Ground Zero
It’s interesting to think about how the paths we follow in our lives lead us to different points which can easily be compared with the aftermath of some devastating explosion. When we experience the death of a loved one, the life we knew while they lived is destroyed before our eyes. The shards of what was once familiar can only be seen through the veil of loss and reluctantly… we move on. We soon find ourselves hoping that someday the devastation will be so far behind us that we can feel the loss with better understanding and renewed hope.
The same can be said when we find our view of the world altered by new life or a new perspective. Seeing your child for the first time will also place you in ground zero. Before you are a parent, you are single person who may be part of a larger family or part of a marriage, but when you have a child, you are no longer a single part of anything. You are a parent. The responsibility for another that looks to you as the protector and provider takes hold like nothing else and changes the world forever.
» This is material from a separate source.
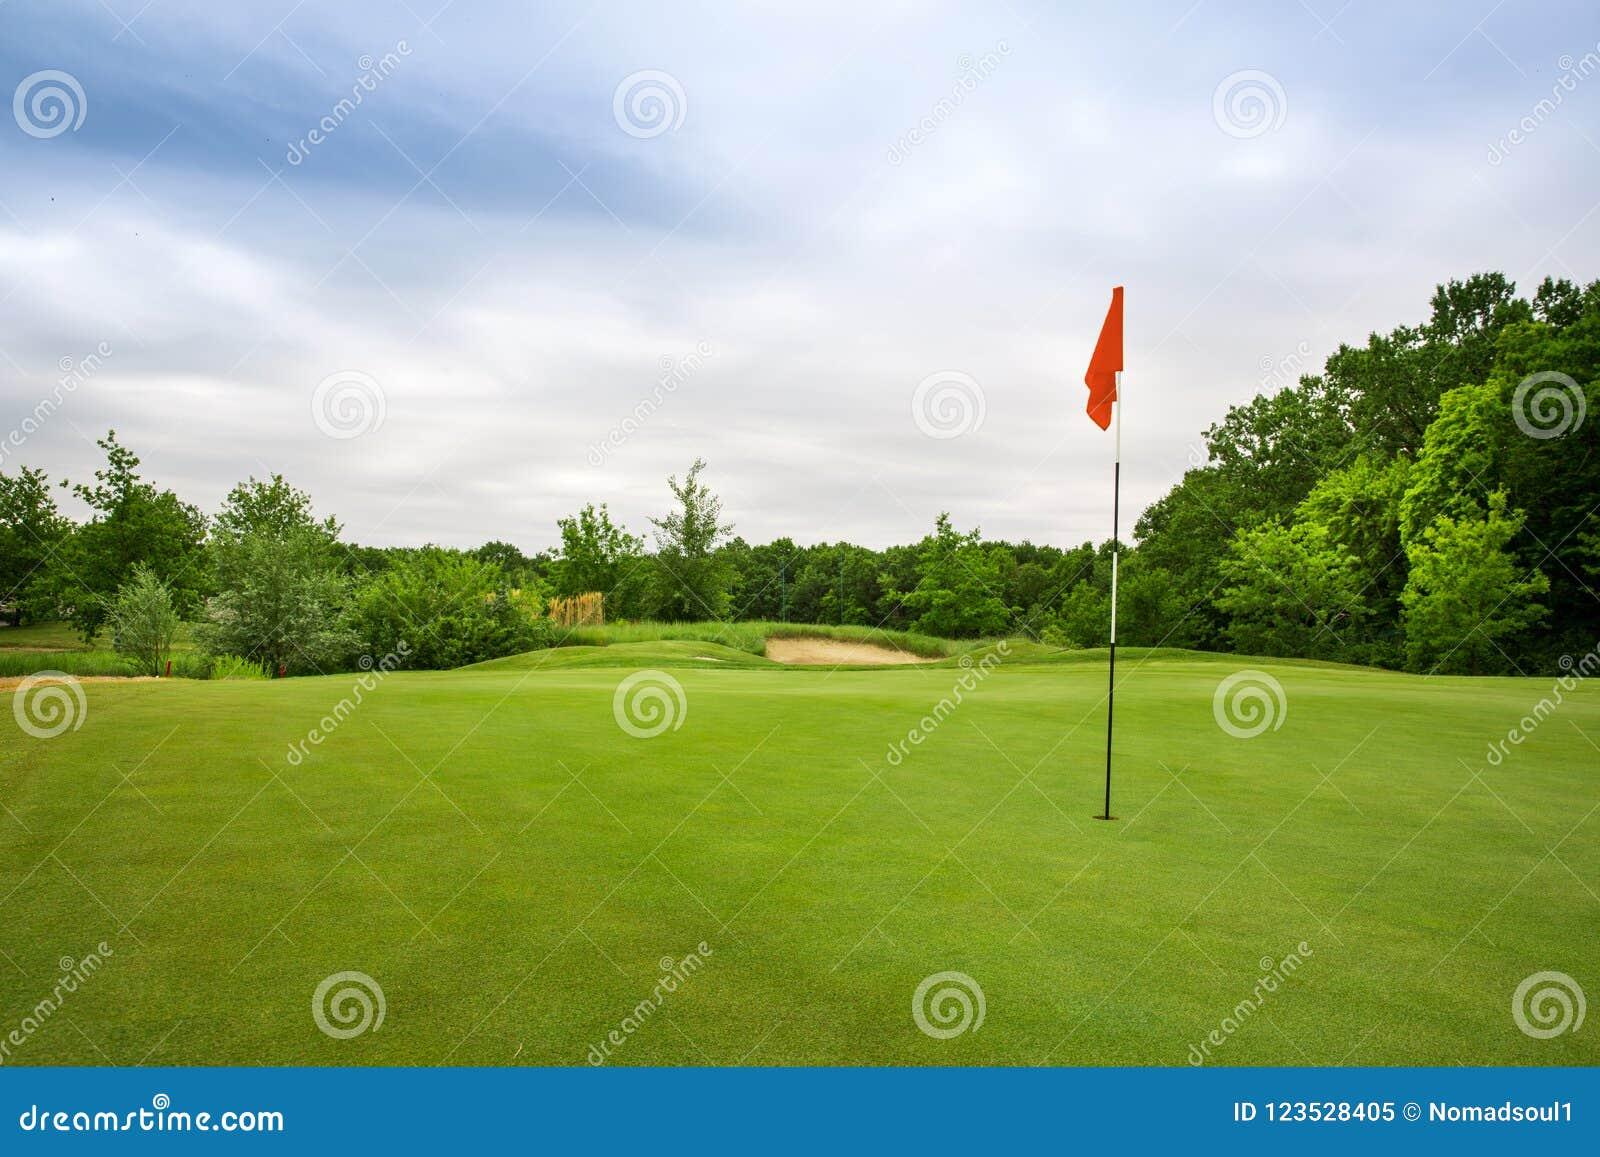 Furo final com bandeira, gramado no campo de golfe

Some people call these moments epiphanies of life and some call them paradigm shifts. I always think of them as explosions. The life that existed before these moments took place can only exists in our memories, and in our hearts. You will never again spend time with the one who you have lost, but you will forever hold them in your heart and mind because they continue to mean so much even after departing. Similarly, you will never again see the world as someone who did not have a child after you have one. That persona is gone and who you are from that moment on will always be someone else.
These events that take place in our lives may seem great or small to the rest of the world, but inside of us, they are world breakers. Your first love, your first job, your first paycheck, your first betrayal, your first great accomplishment…
In time, each of us find our lives starting over again and again. We laugh, we cry and we continue… For in the end, these moments are what makes life such a tragic, adventurous, terrifyingly wonderful miracle.